We need to bisect to find the problematic commit between https://github.com/scylladb/scylladb/commit/299122e78d8e0a4a3500a8e3b8d97ca0ef927a16 and https://github.com/scylladb/scylladb/commit/d10aee15e7e98354897ee18c58cf8d5fa0677212.

asias avatar Sep 13 '22 01:09 asias

EDIT: moved this comment to a new issue in #11551

fgelcer avatar Sep 14 '22 13:09 fgelcer

i listed the commits between 5.0.2 (that passed without pain, to 5.0.3 and i found this list:

Fabio, the test passed with 5.0.2 and started to fail with 5.0.3? If that's the case indeed d07e90298 and dfdc128fa looks suspicious?

b9a61c8e9 release: prepare for 5.0.3
32aa1e528 transport/server.cc: Return correct size of decompressed lz4 buffer
da6a126d7 cross-tree: fix header file self-sufficiency
d07e90298 Merge 'database: evict all inactive reads for table when detaching table' from Botond Dénes
3c0fc42f8 cql3: fix misleading error message for service level timeouts
964ccf919 type_json: support integers in scientific format
dfdc128fa Merge 'row_cache: Fix missing row if upper bound of population range is evicted and has adjacent dummy' from Tomasz Grabiec

asias avatar Sep 15 '22 00:09 asias

Fabio, the test passed with 5.0.2 and started to fail with 5.0.3?

yes, that is the case, but only the upgrade from 4.6 to 5.0.3 (upgrade from 5.0.2 to 5.0.3 passed 1 out of 2 runs, and the failure was kind of similar)

fgelcer avatar Sep 15 '22 06:09 fgelcer

@asias , how can we make progress from here? should we start building images with 5.0.3 without these commits and run reproducers? cc @slivne @eliransin

fgelcer avatar Sep 15 '22 06:09 fgelcer

I tried to reproduce locally with the 5.0.2-20220807.299122e78 and 5.1.0~rc1-0.20220902.d10aee15e7e9 as a mixed cluster + repair. I could not reproduce repair failure.

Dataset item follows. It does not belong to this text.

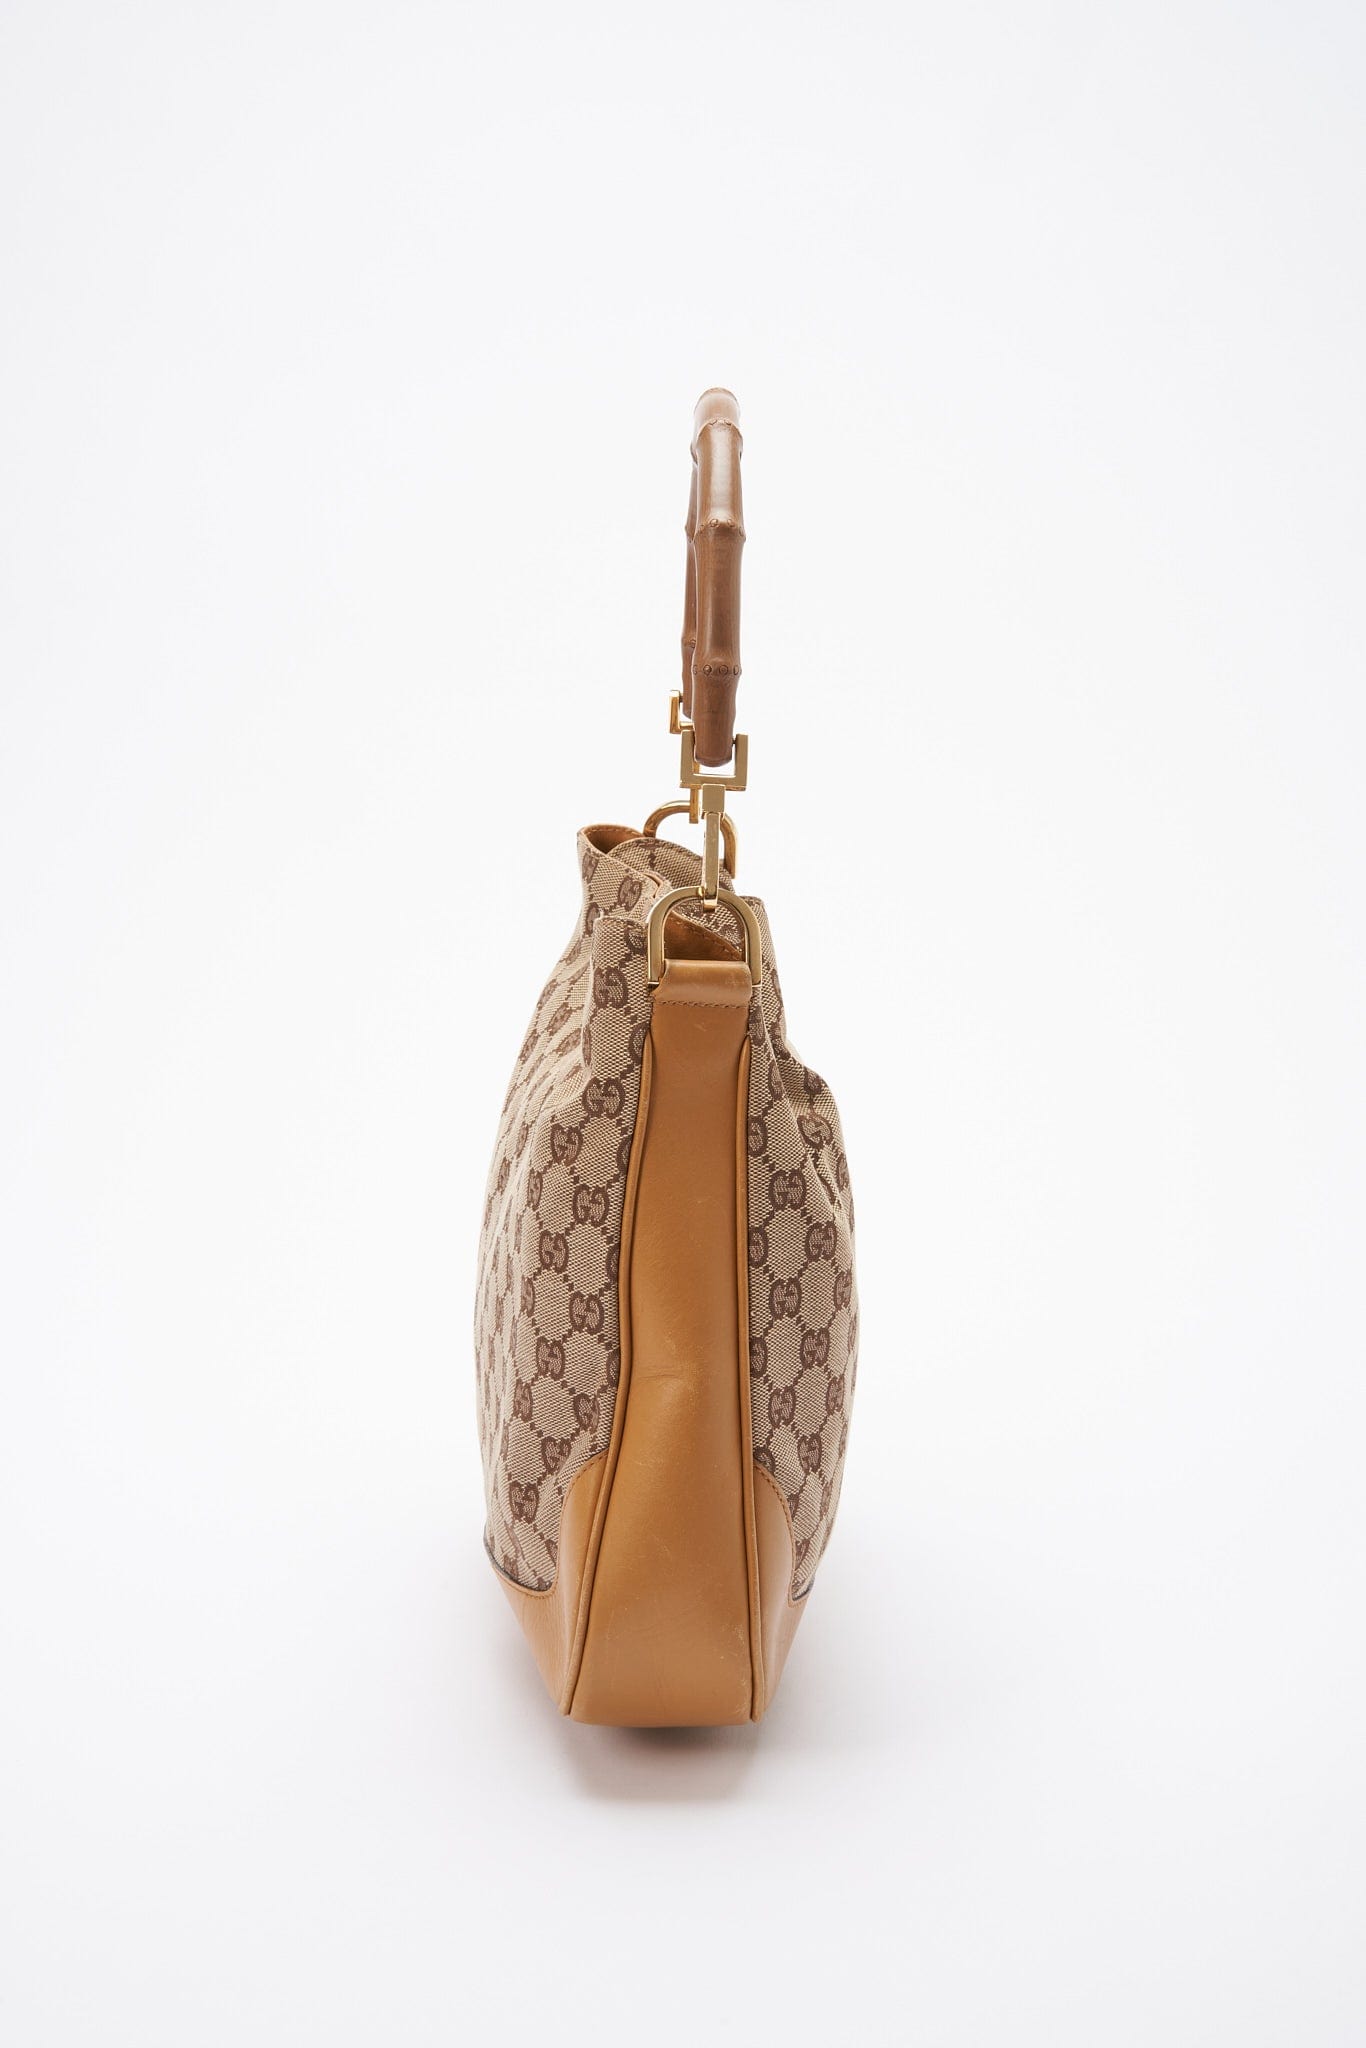 Vintage Gucci Bag with Bamboo Handle - Beige Canvas – The Hosta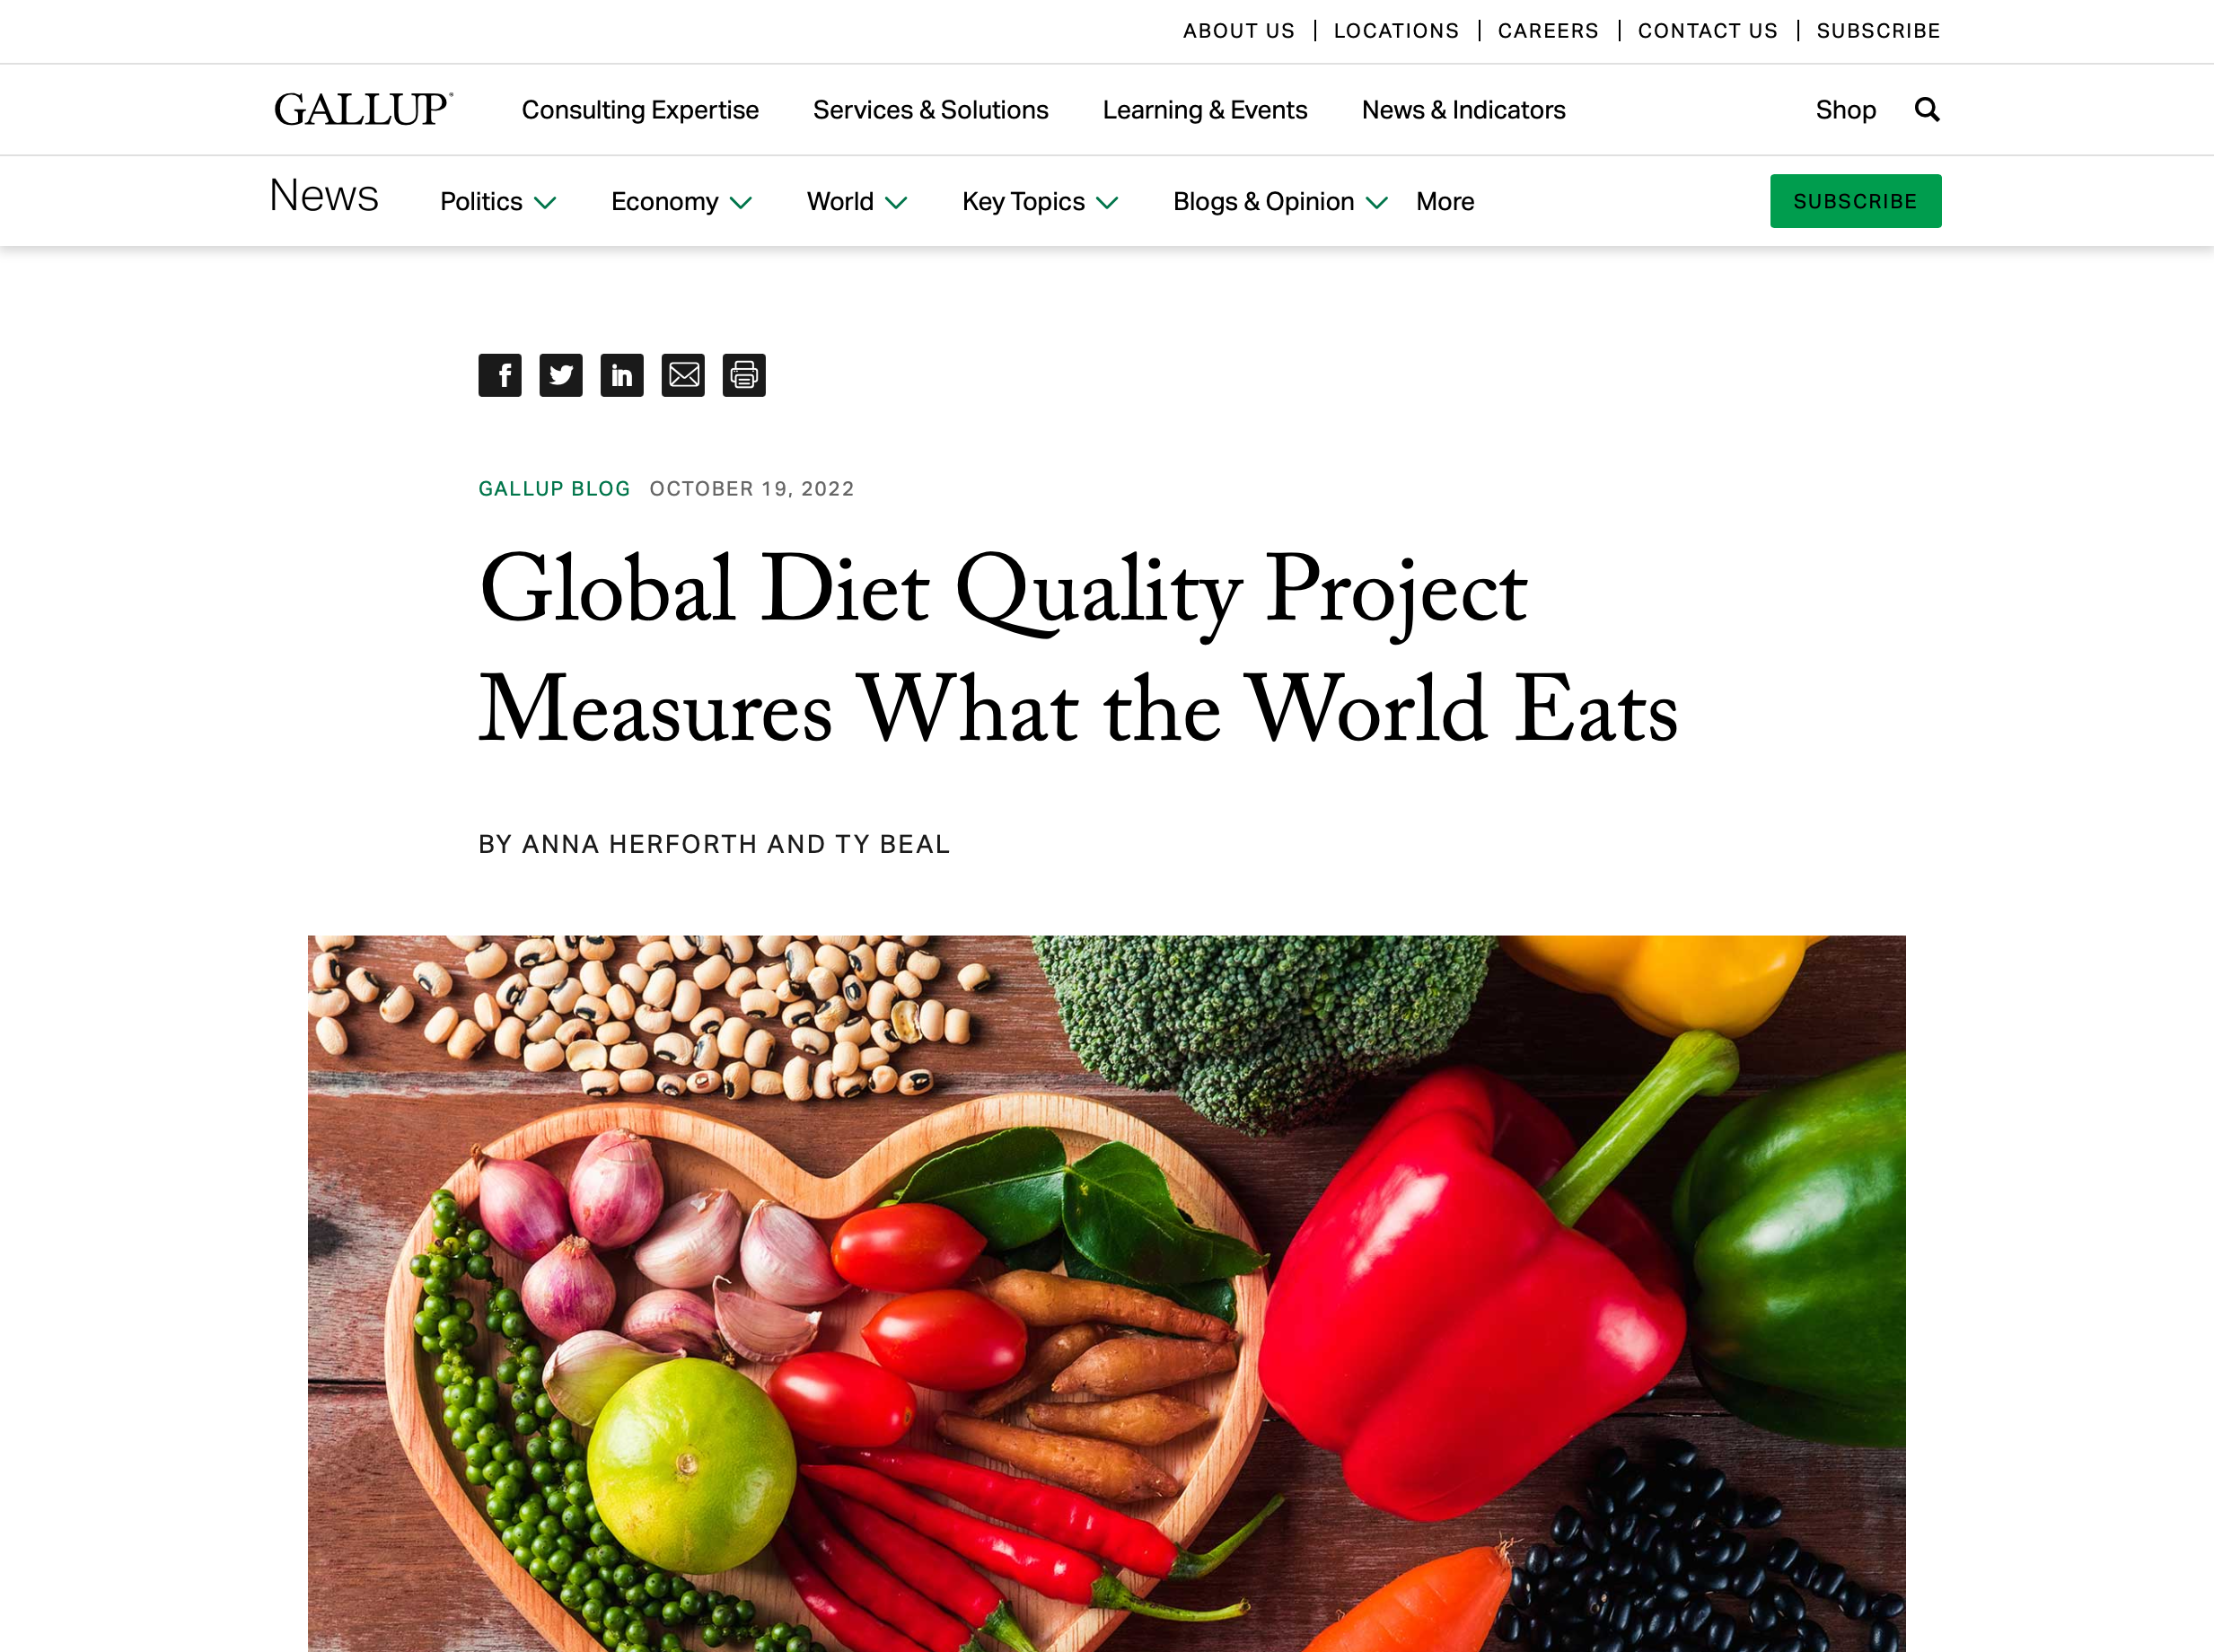 Global Diet Quality Project Measures What the World Eats

asias avatar Sep 15 '22 07:09 asias

@asias , how can we make progress from here? should we start building images with 5.0.3 without these commits and run reproducers? cc @slivne @eliransin

I suggest moving the non repair issue you found during upgrade to a separate issue. Your issue was query got timeout.
While the 11459 was about repair failed in a mixed cluster during upgrade.

asias avatar Sep 15 '22 07:09 asias

@asias , how can we make progress from here? should we start building images with 5.0.3 without these commits and run reproducers? cc @slivne @eliransin

I suggest moving the non repair issue you found during upgrade to a separate issue. Your issue was query got timeout. While the 11459 was about repair failed in a mixed cluster during upgrade.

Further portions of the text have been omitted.